Cheney droht den Russen *lol*

3
05.05.06 11:20
#1

Cheney spielt den bösen Polizisten
Dick Cheney kritisiert Moskau

05.05.2006  10:10 Uhr

Moskau/Russland - USA-Vizepräsident Dick Cheney hat die Innenpolitik des Kremls kritisiert und Moskau "Erpressung", "Einschüchterung", "Untergrabung der territorialen Integrität von Nachbarn" und "Einmischung in die demokratischen Prozesse" vorgeworfen.

Russland wurde aufgefordert, eine Wahl zu treffen: Entweder "zur Demokratie zurückzukehren" oder "ein Feind zu werden". Nach Ansicht von Experten bestand das Ziel des USA-Vizepräsidenten darin, Russland im Vorfeld des G8-Gipfels unter Druck zu setzen. Die Tageszeitungen "Kommersant", "Wedomosti" und "Rossijskaja Gaseta" gehen am Freitag darauf ein.

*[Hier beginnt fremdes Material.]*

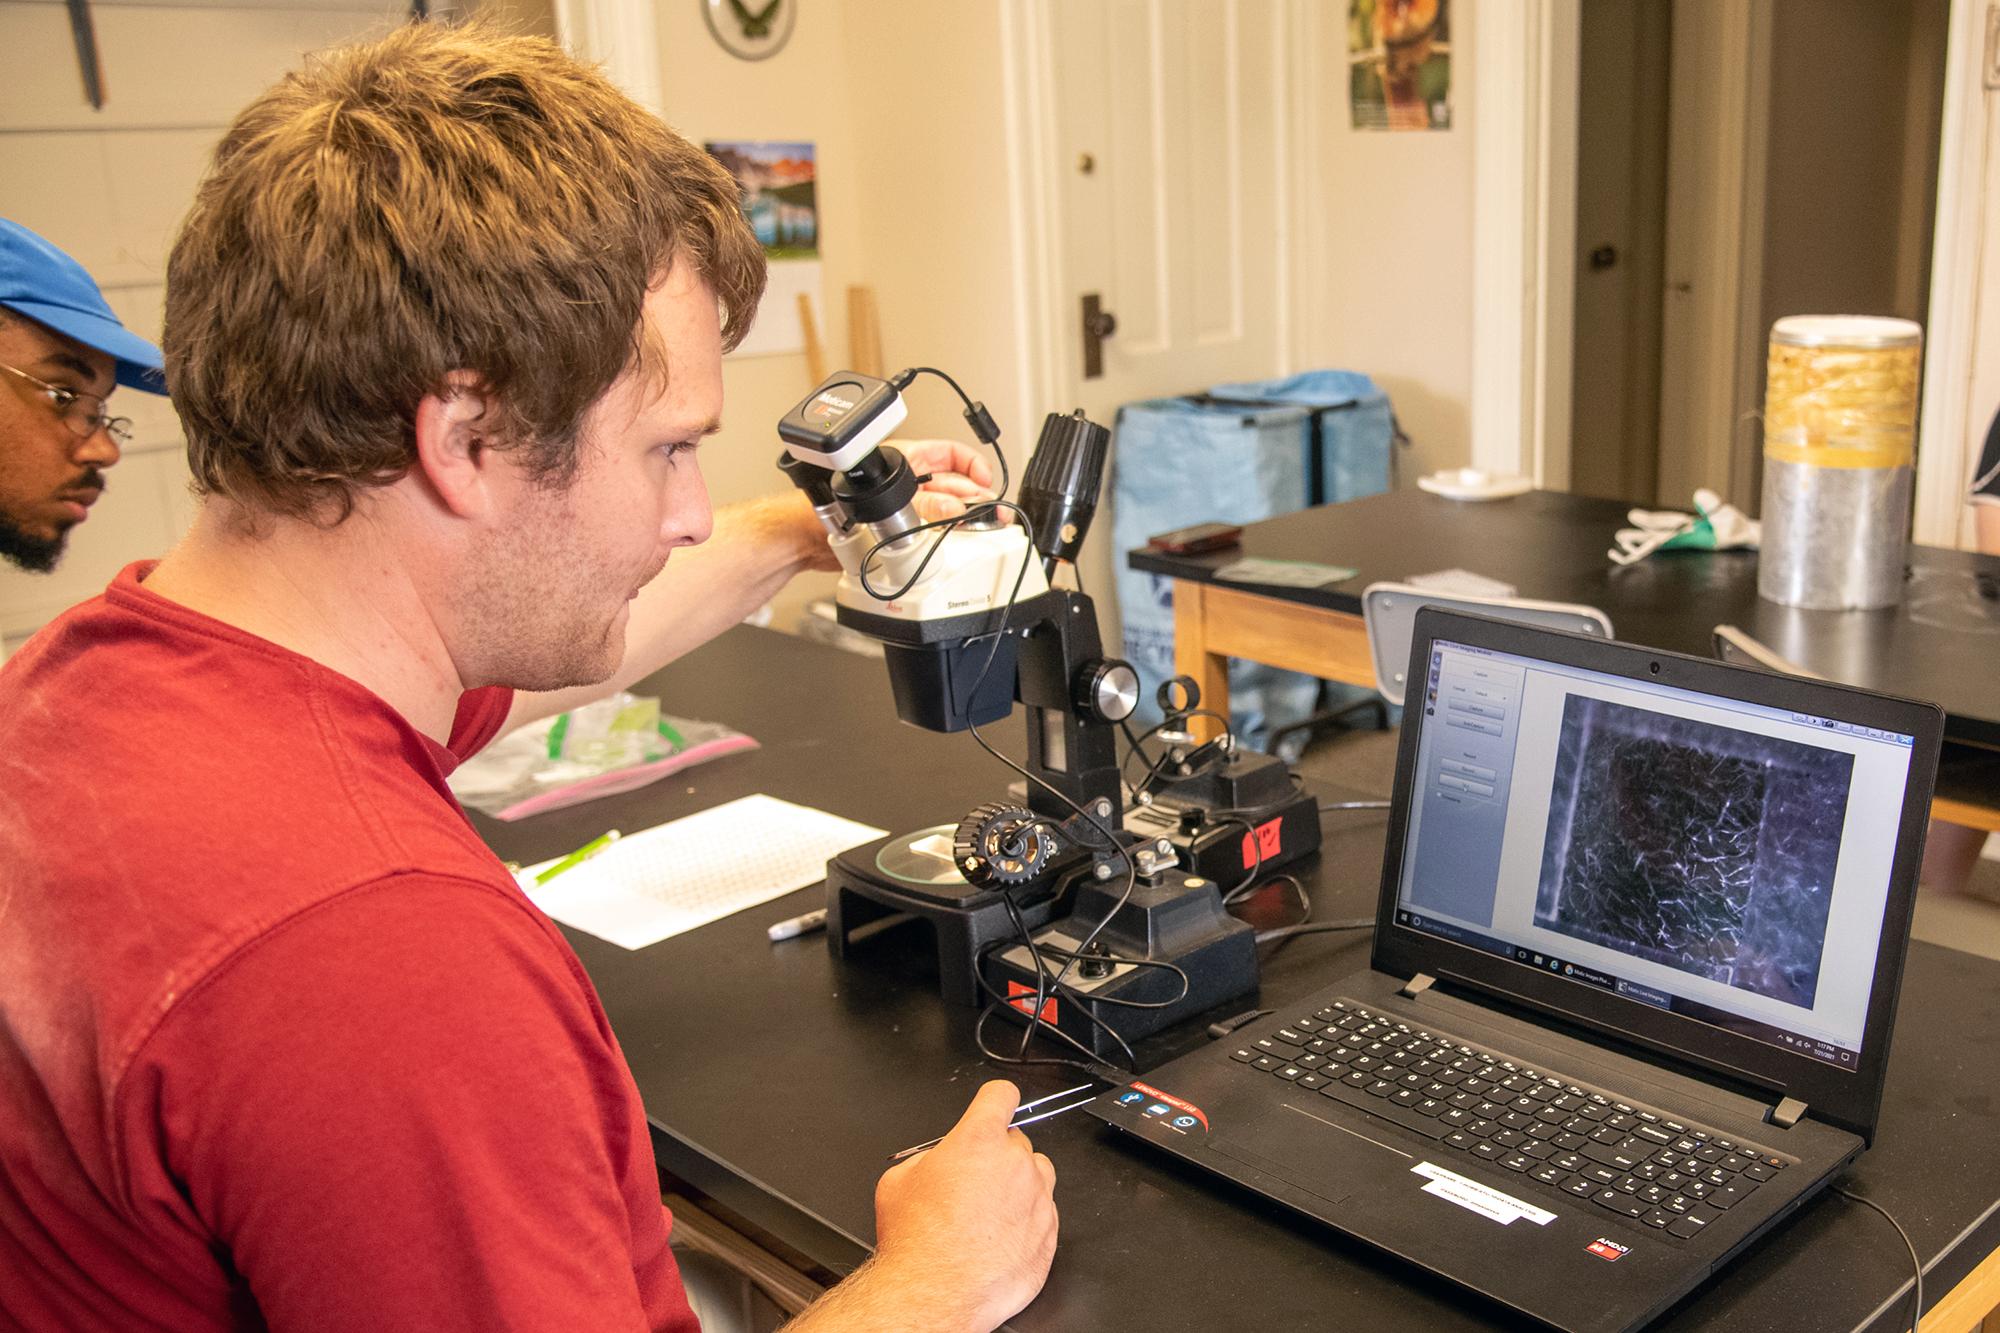 Paul Gehl looks through a microscope via a laptop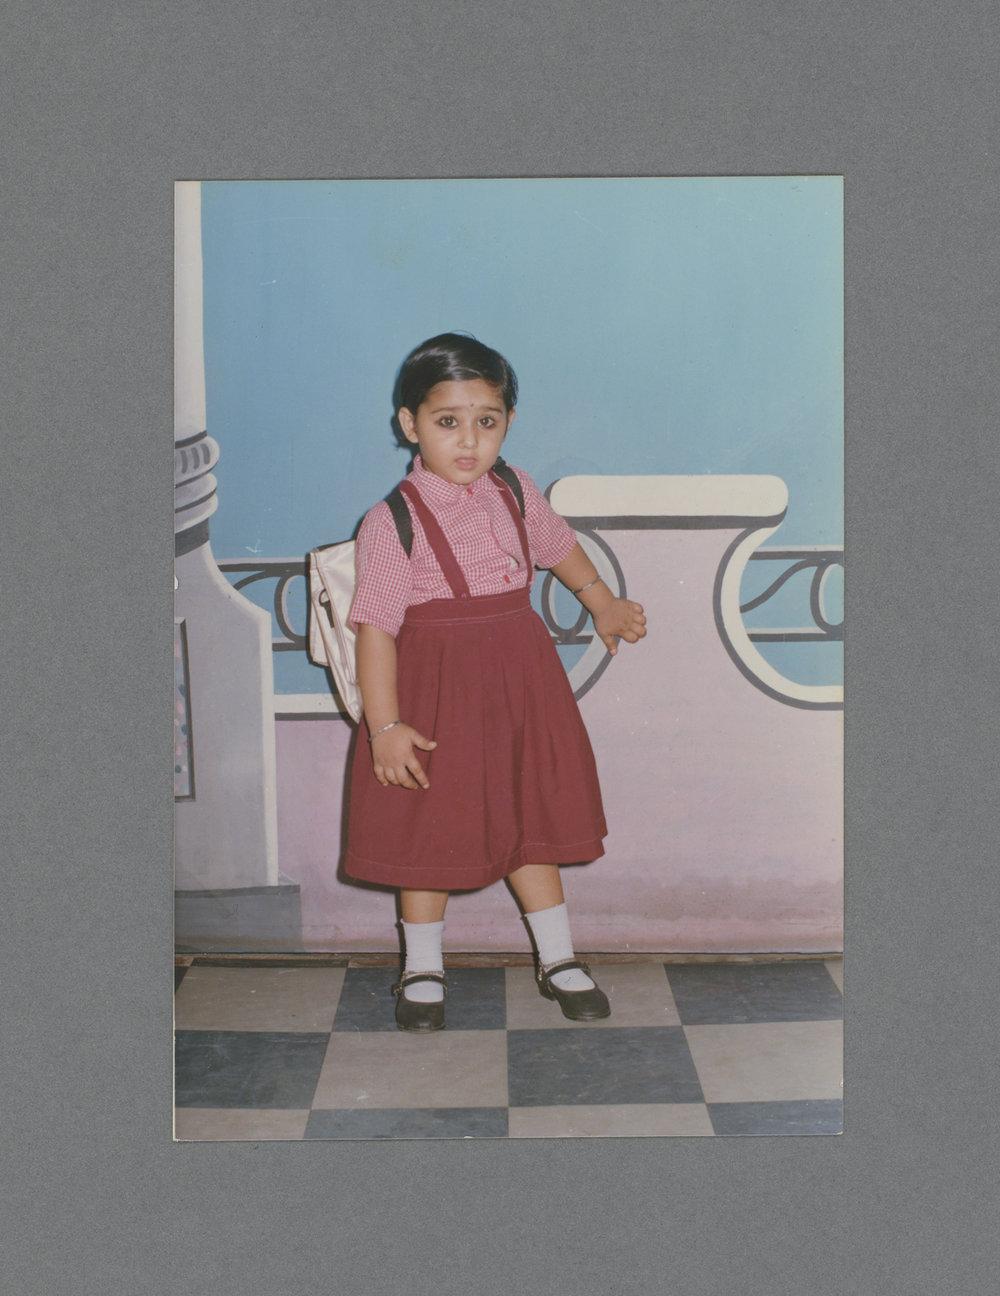 Calcutta, India c.1985

"Cheney war ohnehin als einer der Hauptkritiker Russlands in der Bush-Administration bekannt, in Vilnius hat er eine diplomatische Vorbereitung auf den G8-Gipfel vorgenommen", meint Alexej Malaschenko aus dem Moskauer Carnegie-Zentrum. "Dabei sind Cheneys Äußerungen härter als die Erklärungen der Außenamtschefin Condoleezza Rice, was an das Spiel ‚Der böse und der gute Polizist" erinnert", sagt Boris Schmeljow, Direktor des Zentrums für komparative politische Studien des Wirtschaftsinstituts der Russischen Wissenschaftsakademie. Dennoch geht es mit den Beziehungen zwischen den USA und Russland wirklich bergab, was in den Widersprüchen im postsowjetischen Raum und in der Nahostpolitik zum Ausdruck kommt, fügt Malaschenko hinzu.

Juli Woronzow, Russlands Botschafter in den USA 1994 bis 1999: Russland muss sein Leben leben. Wir haben keine Demokratie auf amerikanisch, aber wir haben eine russische Demokratie. Amerika muss sich damit abfinden.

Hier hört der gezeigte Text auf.